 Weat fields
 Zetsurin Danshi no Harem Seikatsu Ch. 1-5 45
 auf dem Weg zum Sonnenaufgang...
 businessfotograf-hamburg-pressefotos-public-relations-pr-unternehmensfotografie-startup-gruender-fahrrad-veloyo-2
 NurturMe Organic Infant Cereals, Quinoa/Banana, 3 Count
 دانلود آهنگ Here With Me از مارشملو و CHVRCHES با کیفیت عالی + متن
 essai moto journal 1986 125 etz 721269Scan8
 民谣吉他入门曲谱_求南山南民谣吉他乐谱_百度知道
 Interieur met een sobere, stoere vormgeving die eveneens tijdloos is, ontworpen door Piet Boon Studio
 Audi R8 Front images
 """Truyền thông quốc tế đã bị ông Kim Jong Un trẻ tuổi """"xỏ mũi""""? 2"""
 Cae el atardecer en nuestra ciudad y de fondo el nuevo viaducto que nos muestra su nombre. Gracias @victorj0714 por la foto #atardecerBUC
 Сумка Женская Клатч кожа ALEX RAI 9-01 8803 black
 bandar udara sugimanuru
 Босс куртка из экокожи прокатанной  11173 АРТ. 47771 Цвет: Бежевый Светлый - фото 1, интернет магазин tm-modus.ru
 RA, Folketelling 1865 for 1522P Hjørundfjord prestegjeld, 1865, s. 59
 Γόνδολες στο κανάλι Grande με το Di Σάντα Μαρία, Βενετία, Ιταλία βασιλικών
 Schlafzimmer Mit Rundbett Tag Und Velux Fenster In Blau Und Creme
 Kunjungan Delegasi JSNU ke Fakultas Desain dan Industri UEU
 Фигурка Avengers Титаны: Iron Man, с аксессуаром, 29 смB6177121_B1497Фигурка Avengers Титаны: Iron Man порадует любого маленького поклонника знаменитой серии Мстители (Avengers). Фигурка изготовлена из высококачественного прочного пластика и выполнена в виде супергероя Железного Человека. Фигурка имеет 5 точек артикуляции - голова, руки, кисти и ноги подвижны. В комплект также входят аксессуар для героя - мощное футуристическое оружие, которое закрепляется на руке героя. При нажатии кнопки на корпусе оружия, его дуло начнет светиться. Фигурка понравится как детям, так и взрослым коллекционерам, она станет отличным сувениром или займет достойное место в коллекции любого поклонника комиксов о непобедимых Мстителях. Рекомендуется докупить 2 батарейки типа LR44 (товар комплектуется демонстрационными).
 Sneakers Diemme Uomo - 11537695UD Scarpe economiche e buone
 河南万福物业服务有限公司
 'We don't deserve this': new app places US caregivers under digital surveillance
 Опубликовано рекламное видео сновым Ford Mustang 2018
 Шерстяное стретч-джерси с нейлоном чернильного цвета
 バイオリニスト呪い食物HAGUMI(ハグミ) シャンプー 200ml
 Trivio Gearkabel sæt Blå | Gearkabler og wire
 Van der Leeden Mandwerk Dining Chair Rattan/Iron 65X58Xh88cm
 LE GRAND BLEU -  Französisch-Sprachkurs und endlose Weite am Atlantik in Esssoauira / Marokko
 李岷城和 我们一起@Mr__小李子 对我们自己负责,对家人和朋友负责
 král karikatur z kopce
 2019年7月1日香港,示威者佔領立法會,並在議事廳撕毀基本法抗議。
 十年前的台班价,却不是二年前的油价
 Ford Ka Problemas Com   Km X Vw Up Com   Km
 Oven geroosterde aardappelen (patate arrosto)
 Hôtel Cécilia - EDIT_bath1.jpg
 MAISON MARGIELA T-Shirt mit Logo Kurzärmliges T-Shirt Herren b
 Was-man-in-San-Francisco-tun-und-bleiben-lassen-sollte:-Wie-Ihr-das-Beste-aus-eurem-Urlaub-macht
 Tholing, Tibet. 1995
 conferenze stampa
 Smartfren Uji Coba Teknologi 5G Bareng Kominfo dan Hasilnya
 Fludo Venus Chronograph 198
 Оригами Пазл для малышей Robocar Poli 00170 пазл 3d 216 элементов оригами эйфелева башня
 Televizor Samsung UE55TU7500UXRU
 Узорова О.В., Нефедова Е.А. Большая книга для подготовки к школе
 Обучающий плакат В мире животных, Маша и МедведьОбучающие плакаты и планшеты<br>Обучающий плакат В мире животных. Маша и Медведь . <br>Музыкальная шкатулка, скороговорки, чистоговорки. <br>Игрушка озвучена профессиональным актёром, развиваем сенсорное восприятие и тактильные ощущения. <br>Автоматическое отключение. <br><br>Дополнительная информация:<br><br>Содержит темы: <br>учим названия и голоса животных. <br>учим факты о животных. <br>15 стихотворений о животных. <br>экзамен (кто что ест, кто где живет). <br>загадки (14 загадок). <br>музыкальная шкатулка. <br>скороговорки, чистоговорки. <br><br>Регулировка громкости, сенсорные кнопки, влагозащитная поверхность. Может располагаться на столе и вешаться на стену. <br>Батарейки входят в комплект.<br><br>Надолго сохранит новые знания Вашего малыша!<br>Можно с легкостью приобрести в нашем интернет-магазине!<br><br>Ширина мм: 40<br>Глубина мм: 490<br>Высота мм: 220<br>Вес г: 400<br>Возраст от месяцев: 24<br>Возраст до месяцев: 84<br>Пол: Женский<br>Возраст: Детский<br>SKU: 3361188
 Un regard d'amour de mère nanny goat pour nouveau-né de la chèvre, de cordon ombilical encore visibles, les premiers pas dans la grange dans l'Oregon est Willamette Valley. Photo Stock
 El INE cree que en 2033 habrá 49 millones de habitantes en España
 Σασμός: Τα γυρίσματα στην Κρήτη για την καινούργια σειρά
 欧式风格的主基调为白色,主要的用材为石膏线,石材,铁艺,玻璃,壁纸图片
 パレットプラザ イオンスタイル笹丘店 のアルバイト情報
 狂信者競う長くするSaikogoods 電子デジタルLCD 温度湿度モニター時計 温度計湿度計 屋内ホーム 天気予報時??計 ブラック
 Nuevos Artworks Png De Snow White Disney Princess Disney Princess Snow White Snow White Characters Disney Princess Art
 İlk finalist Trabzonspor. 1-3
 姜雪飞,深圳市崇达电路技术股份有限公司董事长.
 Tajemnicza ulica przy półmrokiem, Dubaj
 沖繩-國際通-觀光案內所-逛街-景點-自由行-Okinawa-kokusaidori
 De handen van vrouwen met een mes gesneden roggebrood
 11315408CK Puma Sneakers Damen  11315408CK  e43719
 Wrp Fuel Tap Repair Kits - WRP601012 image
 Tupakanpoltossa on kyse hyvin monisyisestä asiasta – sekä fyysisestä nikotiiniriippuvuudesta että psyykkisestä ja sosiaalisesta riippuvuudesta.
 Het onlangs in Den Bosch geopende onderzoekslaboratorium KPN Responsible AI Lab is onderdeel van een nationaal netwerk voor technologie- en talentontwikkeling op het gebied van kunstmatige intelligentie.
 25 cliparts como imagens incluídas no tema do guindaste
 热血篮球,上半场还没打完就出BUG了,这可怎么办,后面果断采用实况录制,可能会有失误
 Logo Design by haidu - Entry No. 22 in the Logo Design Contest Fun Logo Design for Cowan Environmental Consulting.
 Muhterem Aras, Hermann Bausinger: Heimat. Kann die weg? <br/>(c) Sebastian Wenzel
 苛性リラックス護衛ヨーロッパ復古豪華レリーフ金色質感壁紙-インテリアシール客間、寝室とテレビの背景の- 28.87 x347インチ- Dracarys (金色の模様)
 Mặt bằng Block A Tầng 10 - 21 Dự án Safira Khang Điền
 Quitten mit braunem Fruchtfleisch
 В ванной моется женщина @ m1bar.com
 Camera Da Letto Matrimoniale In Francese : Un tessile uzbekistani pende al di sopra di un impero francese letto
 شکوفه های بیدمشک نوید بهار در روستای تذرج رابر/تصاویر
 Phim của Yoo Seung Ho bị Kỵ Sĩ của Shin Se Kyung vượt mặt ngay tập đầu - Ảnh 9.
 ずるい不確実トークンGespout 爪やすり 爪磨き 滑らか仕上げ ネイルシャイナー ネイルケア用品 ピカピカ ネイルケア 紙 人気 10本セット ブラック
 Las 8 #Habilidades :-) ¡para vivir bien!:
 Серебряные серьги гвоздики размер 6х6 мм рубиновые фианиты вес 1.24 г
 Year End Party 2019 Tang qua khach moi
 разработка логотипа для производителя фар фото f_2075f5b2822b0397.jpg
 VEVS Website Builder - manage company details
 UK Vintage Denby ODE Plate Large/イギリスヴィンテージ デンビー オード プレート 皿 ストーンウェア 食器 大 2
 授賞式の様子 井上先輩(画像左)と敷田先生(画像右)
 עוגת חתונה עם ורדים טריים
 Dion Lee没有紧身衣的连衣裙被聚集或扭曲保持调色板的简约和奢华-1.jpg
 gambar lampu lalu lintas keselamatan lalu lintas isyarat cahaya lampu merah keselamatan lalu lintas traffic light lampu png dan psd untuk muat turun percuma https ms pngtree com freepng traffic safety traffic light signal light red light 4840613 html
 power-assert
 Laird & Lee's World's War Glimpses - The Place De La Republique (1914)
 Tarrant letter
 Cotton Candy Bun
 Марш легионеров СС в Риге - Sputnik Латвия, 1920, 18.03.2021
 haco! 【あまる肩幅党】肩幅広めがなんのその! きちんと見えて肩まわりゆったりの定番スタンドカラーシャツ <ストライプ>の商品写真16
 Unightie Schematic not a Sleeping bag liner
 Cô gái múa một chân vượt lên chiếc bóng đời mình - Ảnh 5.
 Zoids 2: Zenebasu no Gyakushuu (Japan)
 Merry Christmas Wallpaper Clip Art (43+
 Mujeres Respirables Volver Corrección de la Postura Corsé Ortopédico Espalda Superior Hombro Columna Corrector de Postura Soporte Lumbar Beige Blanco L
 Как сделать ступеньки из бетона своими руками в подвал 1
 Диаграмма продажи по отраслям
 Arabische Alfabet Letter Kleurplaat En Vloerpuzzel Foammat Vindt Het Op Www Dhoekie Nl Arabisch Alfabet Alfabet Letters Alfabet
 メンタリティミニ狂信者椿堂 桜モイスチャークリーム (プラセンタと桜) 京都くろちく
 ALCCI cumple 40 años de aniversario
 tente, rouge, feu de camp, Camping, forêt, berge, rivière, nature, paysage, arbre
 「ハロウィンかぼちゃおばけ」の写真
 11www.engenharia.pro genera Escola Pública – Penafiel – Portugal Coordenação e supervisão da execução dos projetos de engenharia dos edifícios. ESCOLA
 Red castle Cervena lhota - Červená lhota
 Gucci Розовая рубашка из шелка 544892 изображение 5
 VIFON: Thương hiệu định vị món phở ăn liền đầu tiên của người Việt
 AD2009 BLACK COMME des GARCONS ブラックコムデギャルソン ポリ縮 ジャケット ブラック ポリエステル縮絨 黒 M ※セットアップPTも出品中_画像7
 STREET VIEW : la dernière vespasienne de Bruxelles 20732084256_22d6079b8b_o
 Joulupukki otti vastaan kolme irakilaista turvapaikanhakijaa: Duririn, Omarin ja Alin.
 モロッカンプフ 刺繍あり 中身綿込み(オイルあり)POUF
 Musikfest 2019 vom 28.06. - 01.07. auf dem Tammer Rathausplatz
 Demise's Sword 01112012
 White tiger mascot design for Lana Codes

◆ **WHAT YOU SHOULD DO**
Whenever the string "ブラック" occurs in a line of the entries above, copy that line.

◆ **YOUR RESPONSE**
 狂信者競う長くするSaikogoods 電子デジタルLCD 温度湿度モニター時計 温度計湿度計 屋内ホーム 天気予報時??計 ブラック
 ずるい不確実トークンGespout 爪やすり 爪磨き 滑らか仕上げ ネイルシャイナー ネイルケア用品 ピカピカ ネイルケア 紙 人気 10本セット ブラック
 AD2009 BLACK COMME des GARCONS ブラックコムデギャルソン ポリ縮 ジャケット ブラック ポリエステル縮絨 黒 M ※セットアップPTも出品中_画像7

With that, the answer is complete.